Progress continues to be made on global energy access, with the latest report from the International Energy Agency finding that 89% of the world’s population is connected to electricity.

The big picture: These impressive, rapid gains have kept the world on track toward the UN’s Sustainable Development Goal 7 (SDG7): modern energy access for all by 2030. As household access improves, the agenda to combat energy poverty is shifting to affordable and reliable access for business.

Where it stands: The number of people living without electricity has dropped to 840 million, from 1.2 billion in 2010.

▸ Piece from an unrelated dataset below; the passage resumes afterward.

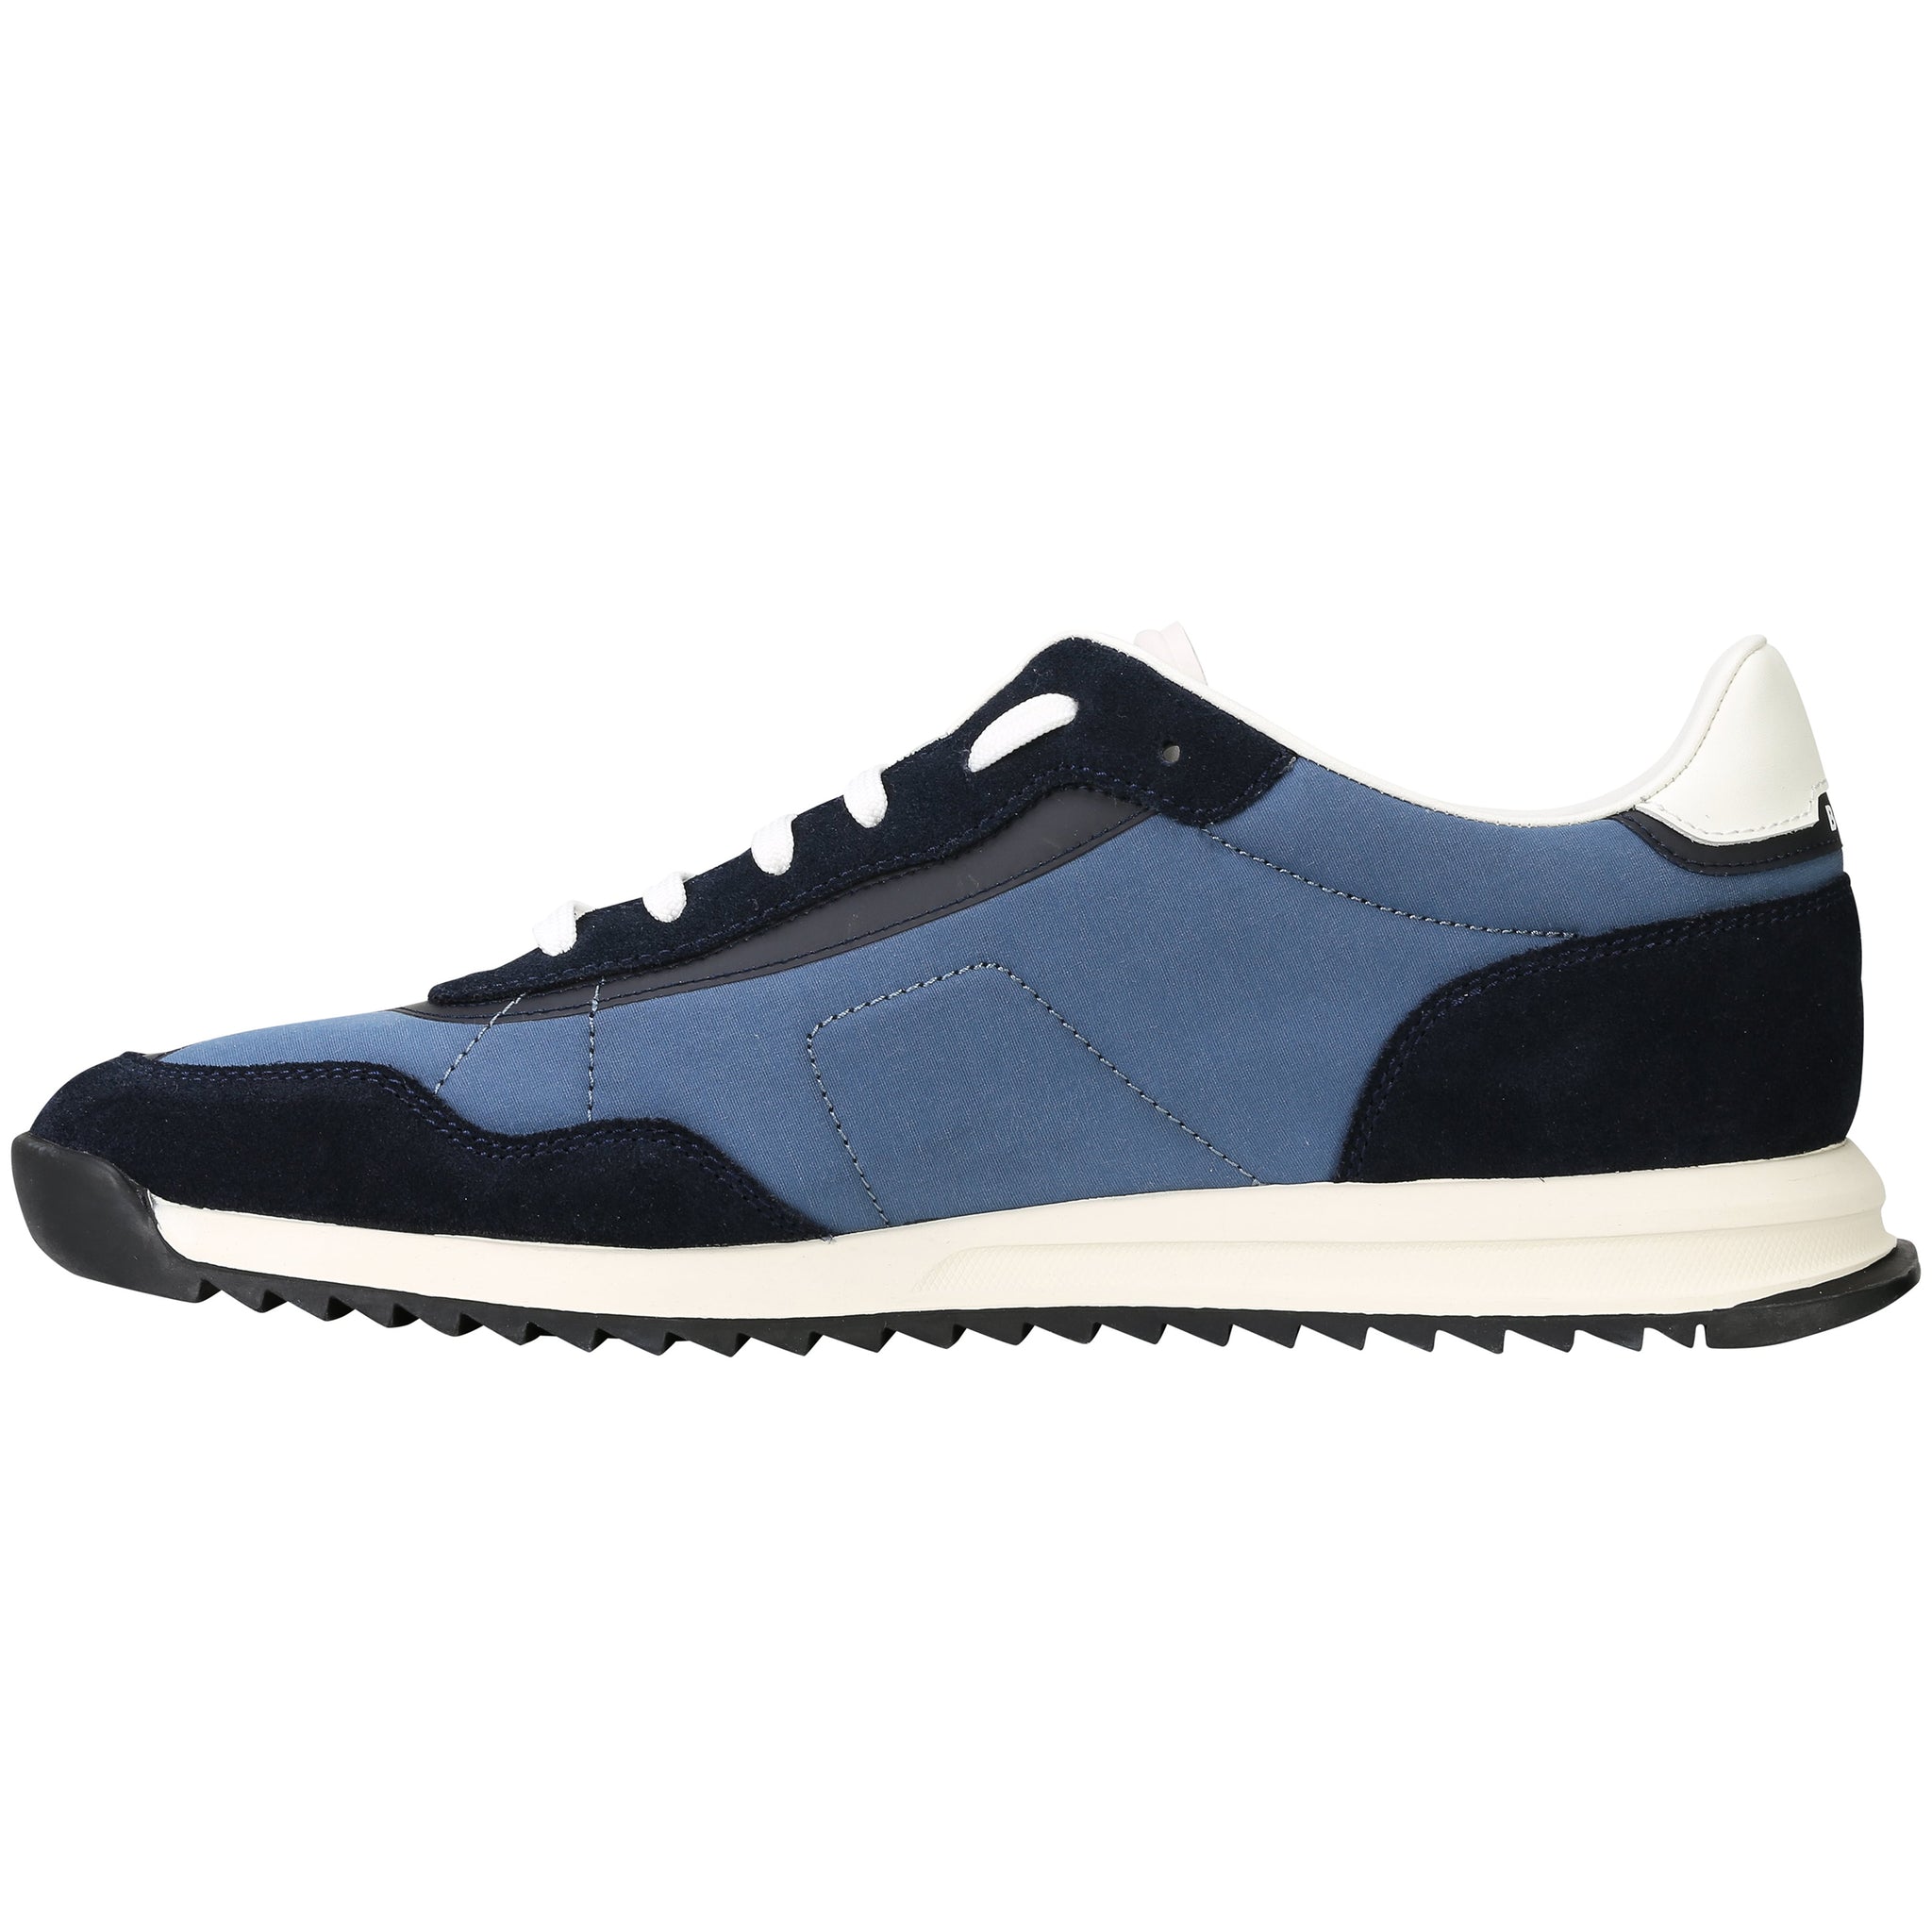 BOSS Zayn_Low Shoes 50498891 Dark Blue 401 | Function18 | Restrictedgs

  • Kenya and Bangladesh made the fastest progress over the past 8 years, driven by aggressive government investments in last-mile connections.
  • The greatest challenges will soon be limited to sub-Saharan Africa, where the report projects that 90% of the world’s 650 million people still without electricity access will live in 2030.

But, but, but. Residential electricity accounts for only 5% of global energy consumption.

  • Electricity at home has benefits, but impact studies from India and Kenya show that neither off-grid solar home systems nor on-grid connections for the very poor increase incomes.
  • Meanwhile, many middle-income countries at or near universal access still suffer from dysfunctional power systems. Business surveys across Asia and Africa frequently cite high energy costs and unreliable power among the greatest constraints to business productivity and, by extension, job creation.
  • A new World Bank report on electrification argues that policymakers need to shift strategy to center on the "productive use" of electricity at affordable rates.

Between the lines:

  • High relative energy costs make it harder for firms in regions like sub-Saharan Africa to compete globally.
  • Lack of reliability is even more damaging. Lost output from outages — in addition to the costs of backup systems — can be devastating for competitiveness.
  • Building an energy system for residential and business customers should be mutually reinforcing. But the push for universal access in Kenya and other countries has at times strained electric grids and ended up undermining reliability.

What to watch: As more countries approach universal access, they'll have more latitude to set energy targets around cost and reliability that will have a stronger impact on economic growth.